Notice that request was on 12:02:30, but Nginx server logged on 12:02:35 and request time was 5.028 seconds: 0.028 seconds of real work and 5.000 seconds a delay before connection was closed.
Same issue with other request types like GET, but there should be any non empty body (:form, :body or :json).
I've seen 5 seconds keepalive timeout a default in code for persistent connections, but no persistent connections were explicitly requested, all options were default.
How to setup Nginx log:
    log_format combined_ext
        '$remote_addr - $remote_user [$time_local] '
        '$scheme://$host '
        '"$request" status:$status '
        'req_time:$request_time '
        'up_conn:$upstream_connect_time up_head_time:$upstream_header_time up_resp_time:$upstream_response_time up_status:$upstream_status up_addr:$upstream_addr '
        'req_full_length:$request_length resp_full_length:$bytes_sent resp_body_length:$body_bytes_sent cache:$upstream_cache_status '
        'ref:"$http_referer" agent:"$http_user_agent"';
    server {
        listen 80;
        server_name example.com;
        access_log /var/log/nginx/access.log combined_ext;
                                    
                                    
                                    
                                
Response keeps connection until response body is consumed. There are couple of ways to achieve this:
# pretty much syntax sugar for `tap(&:to_s)`.
response = HTTP.post(...).flush
or:
response = HTTP.post(...)
body = response.to_s
or consume body in chunks to avoid loading it fully in memory:
response = HTTP.post(...)
File.open("/tmp/output", "wb") do |io|
  while (chunk = response.readpartial)
    io << chunk
  end
end
or closing connection explicitly when you're ok to discard response:
client = HTTP::Client.new
begin
  response = client.post(...)
  unless response.status.ok?
    warn "Unexpected HTTP response: #{response.status}"
    exit 1
  end
ensure
  # connection will be forcefully closed even if body was not consumed
  client.close
end
# notice, that if you closed connection prior consuming body - it will be lost:
puts response.to_s # => ""
There's also a plan on providing API to simplify last example, but work on that was not started yet.
Thank you for describing this behavior.
I expect that high level methods will by default either consume the response body, or discard it. But don't keep connection open waiting for slow client code. This default behavior is really bad and unexpected in high load environment.
Low level methods can work in real time, with manual connect, read body and close connection.

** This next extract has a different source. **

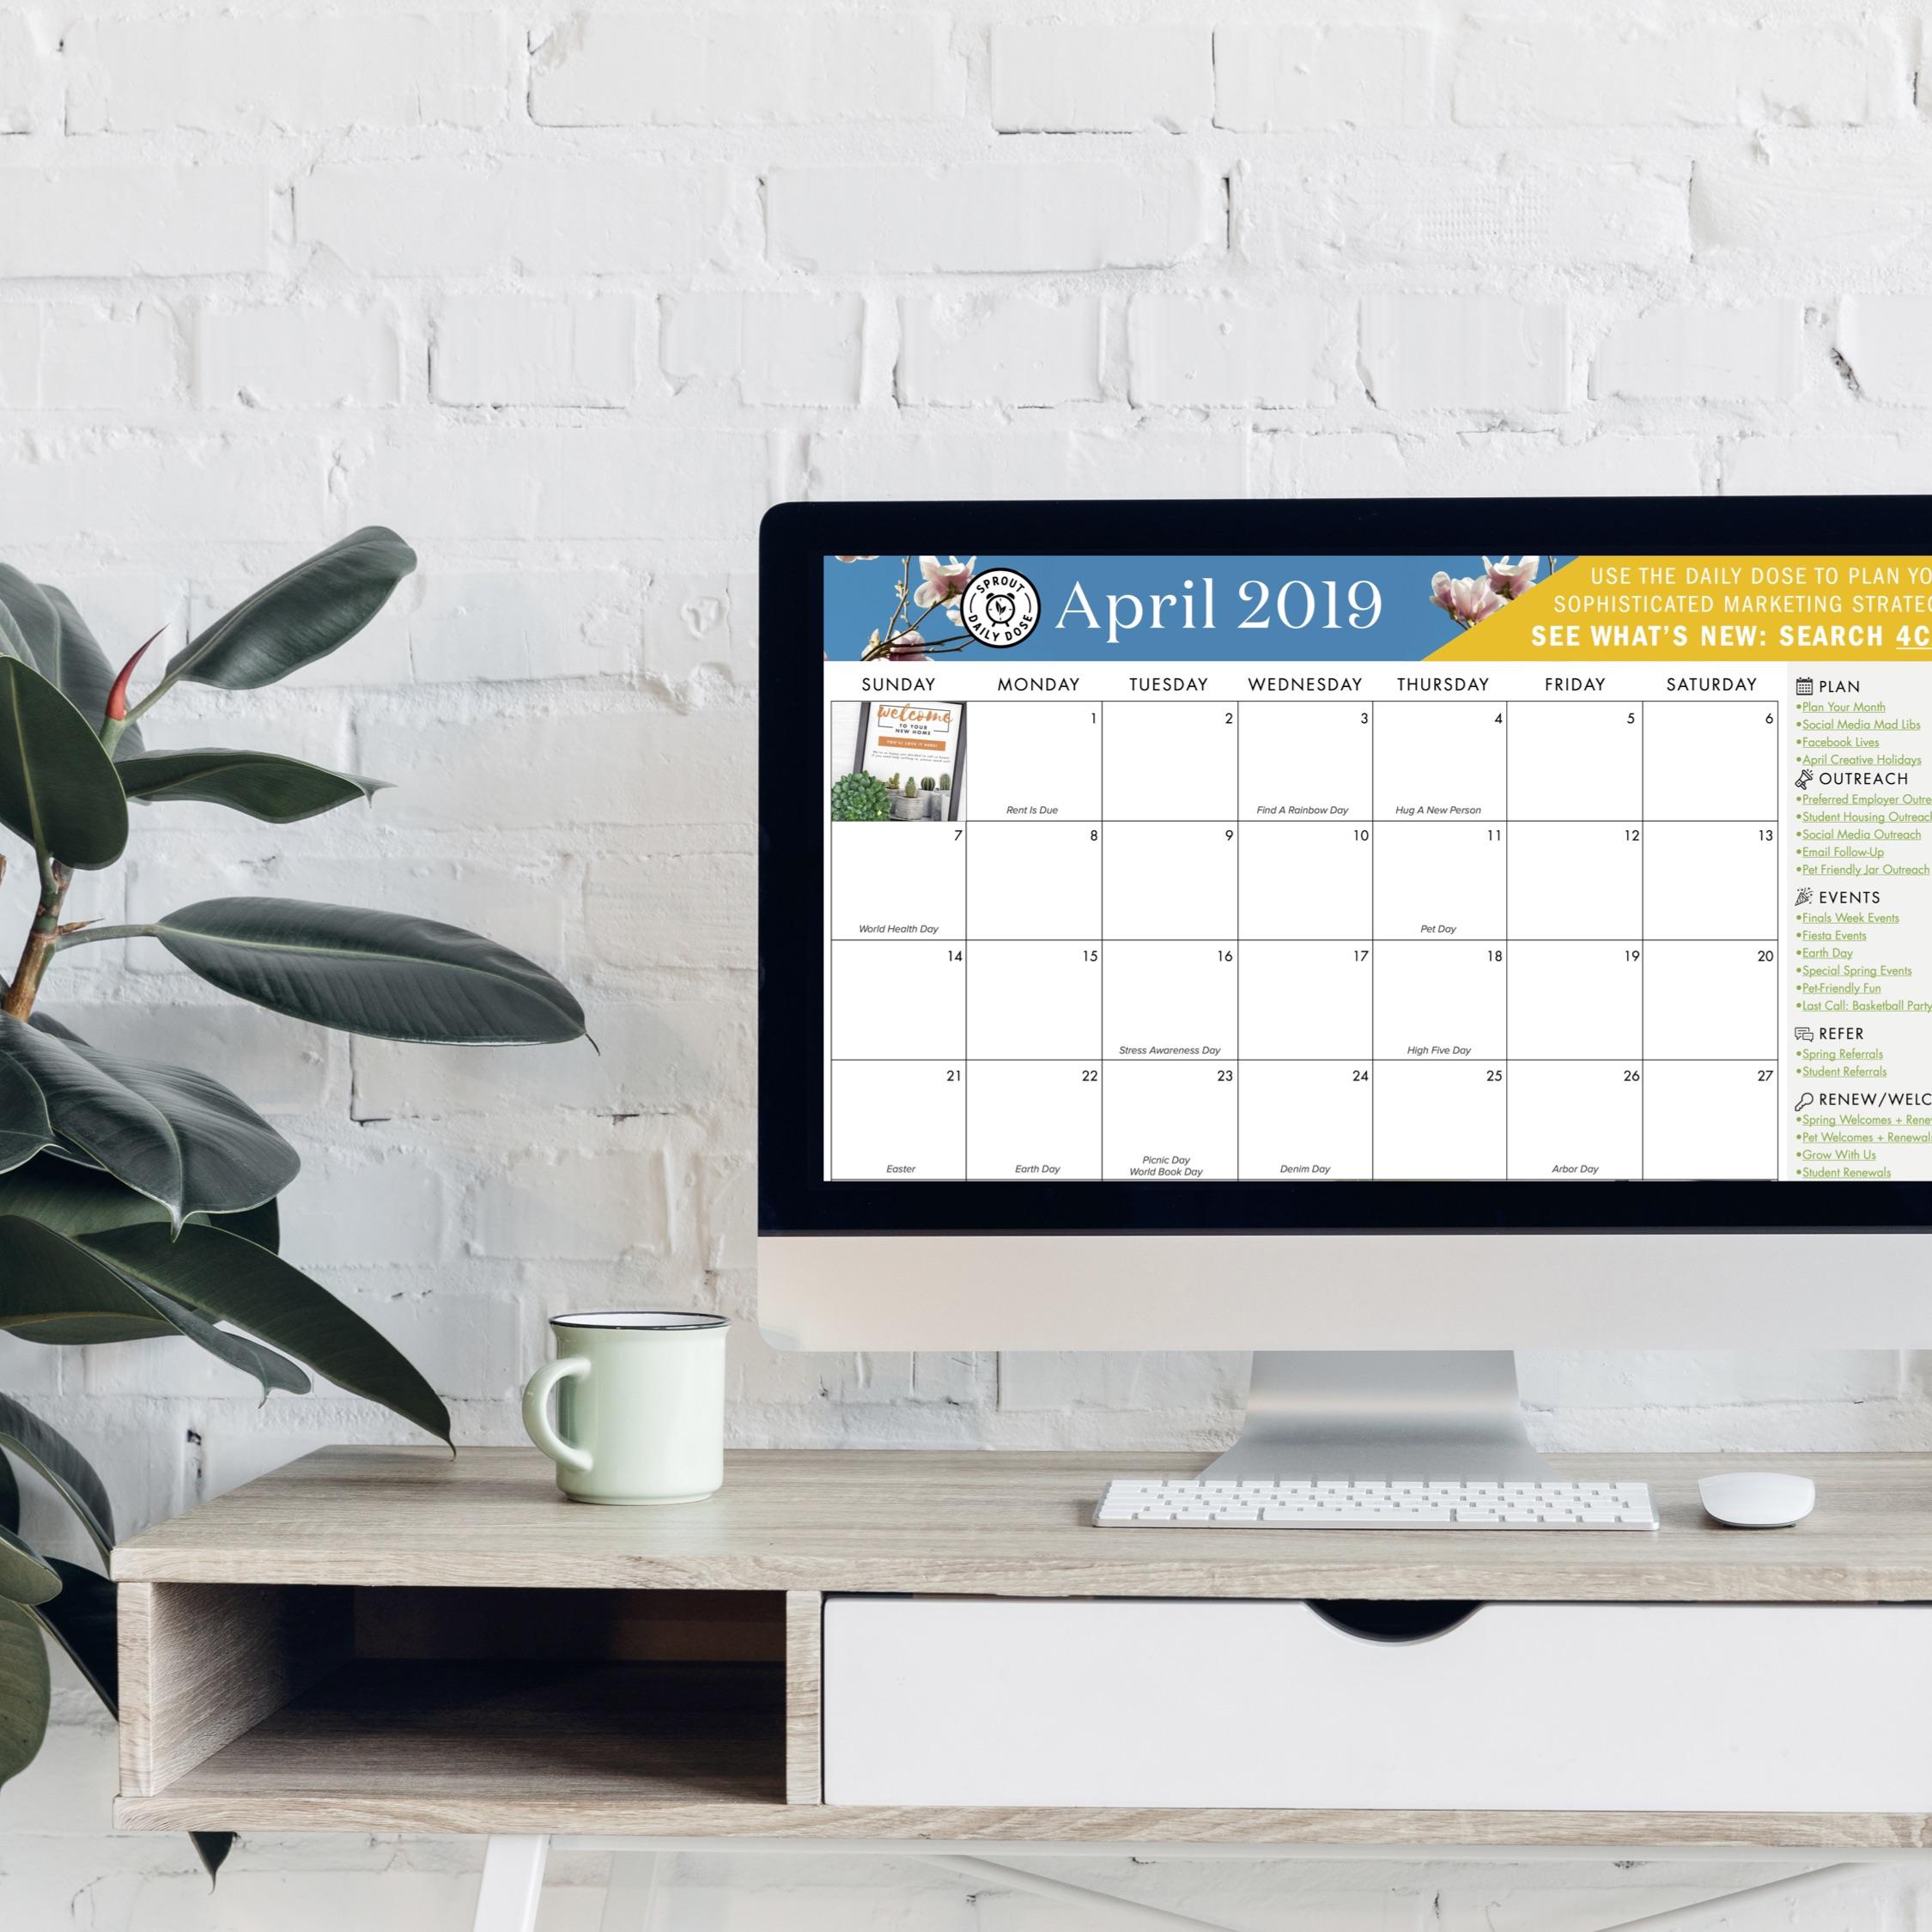 APR19 DD April Calendar.jpg

At least it should be documented in https://github.com/httprb/http/wiki/Making-Requests and https://github.com/httprb/http/wiki/Passing-Parameters, that in simple use case:
response = HTTP.post("http://example.com/resource", :form => {:foo => "42"})
response.code
connection will be keep open for a long time.
I somewhat agree that documentation should be improved. But I disagree that default behaviour is bad.
If you don't want connection to be open, close it implicitly (by consuming body with any of the methods I've listed above) or explicitly (also shown above). It might be just my biased opinion as I get used to this API, but I don't find it THAT confusing. Trickiest part is that there's no one size fits all solution unfortunately.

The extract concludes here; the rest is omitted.